The land registry is still waiting for local authorities to decide about properties belonging to buyers who have not received title deeds because of problems caused by the sellers.
Head of the department Andreas Socratous told the Cyprus News Agency that they have conveyed around 75 per cent of the cases of so-called trapped buyers to the local authorities and were now waiting for them to issue certificates.
It is part of a process introduced in 2015, granting the head of the land registry the authority to exempt, eliminate, transfer and cancel mortgages and or other encumbrances, depending on the case and under certain conditions.
The law sought to resolve the problems created by the failure to issue title deeds to people who had paid for their property, either because the property was mortgaged by the developer, or the state could not go ahead with the transfer because of outstanding taxes.
Since developers’ land and buildings were counted as assets that need to be offset against their debt to banks, this gave lenders a claim on people’s properties that had been mortgaged by developers.
Socratous said they have processed 28,000 such cases to date, including properties, finished 20 years ago.
“The responsible building authorities must decide,” Socratous said.

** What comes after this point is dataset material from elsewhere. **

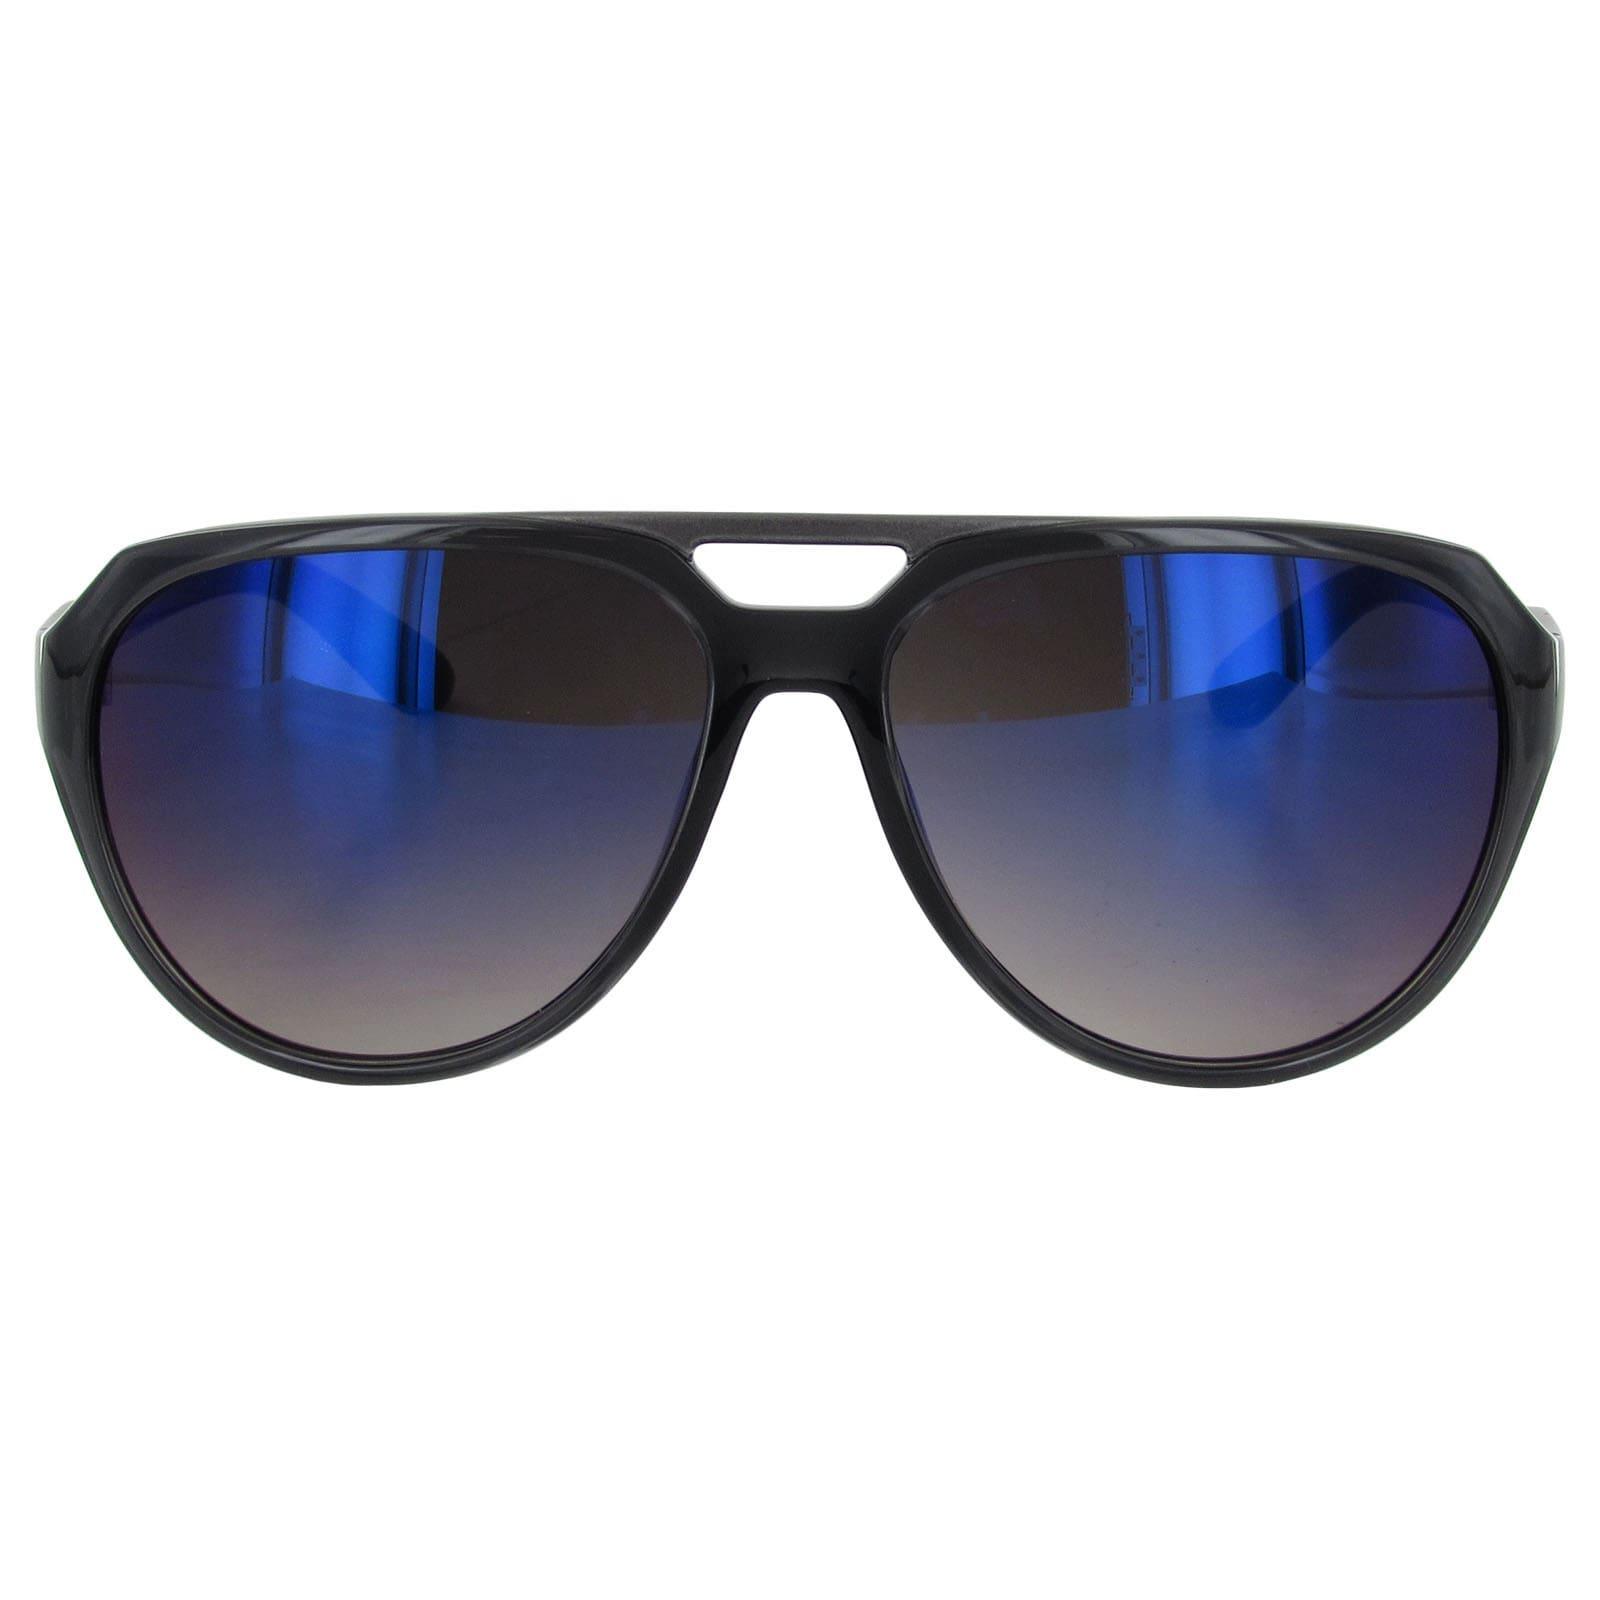 64f234010953e1 Shop Vuarnet Men s Extreme VE5009 Medium Aviator Sunglasses - Free Shipping  On Orders Over  45 - Overstock.com - 9766021

Local authorities can issue three types of certificates depending on the condition of the property: one of final approval, one with remarks, and one with a prohibition.
Final approval is issued when the property meets all the criteria; the one with remarks is issued if it has some irregularities but they are not substantial, he said.
A ban is issued when there are serious problems relating to health and safety or there is a violation of the rights of third parties.
“But what the authority must do is identify what case it is and issue the required certificate.”
The land registry will then issue a title deed reflecting the certificate from the local authority, he added.
The government is currently seeking ways to improve the legislation following court decisions that favoured banks largely on the grounds that the buyer’s claim on the property infringed on the contract between the bank and the developer.
The attorney-general subsequently instructed the departments involved to continue implementing the law while appeals were filed at the supreme court, which will have the final say on the matter.
In September however, the Larnaca district court upheld the 2015 law, allowing trapped property buyers to obtain their title deeds irrespective of the developers’ own commitments to banks.
Interior Minister Constantinos Petrides said recently the ministry had prepared a bill which was sent to the Legal Service for processing last October.
“As it transpired from the differing district court decisions, it is a complicated legal issue and due to this an in-depth study is required,” the minister said.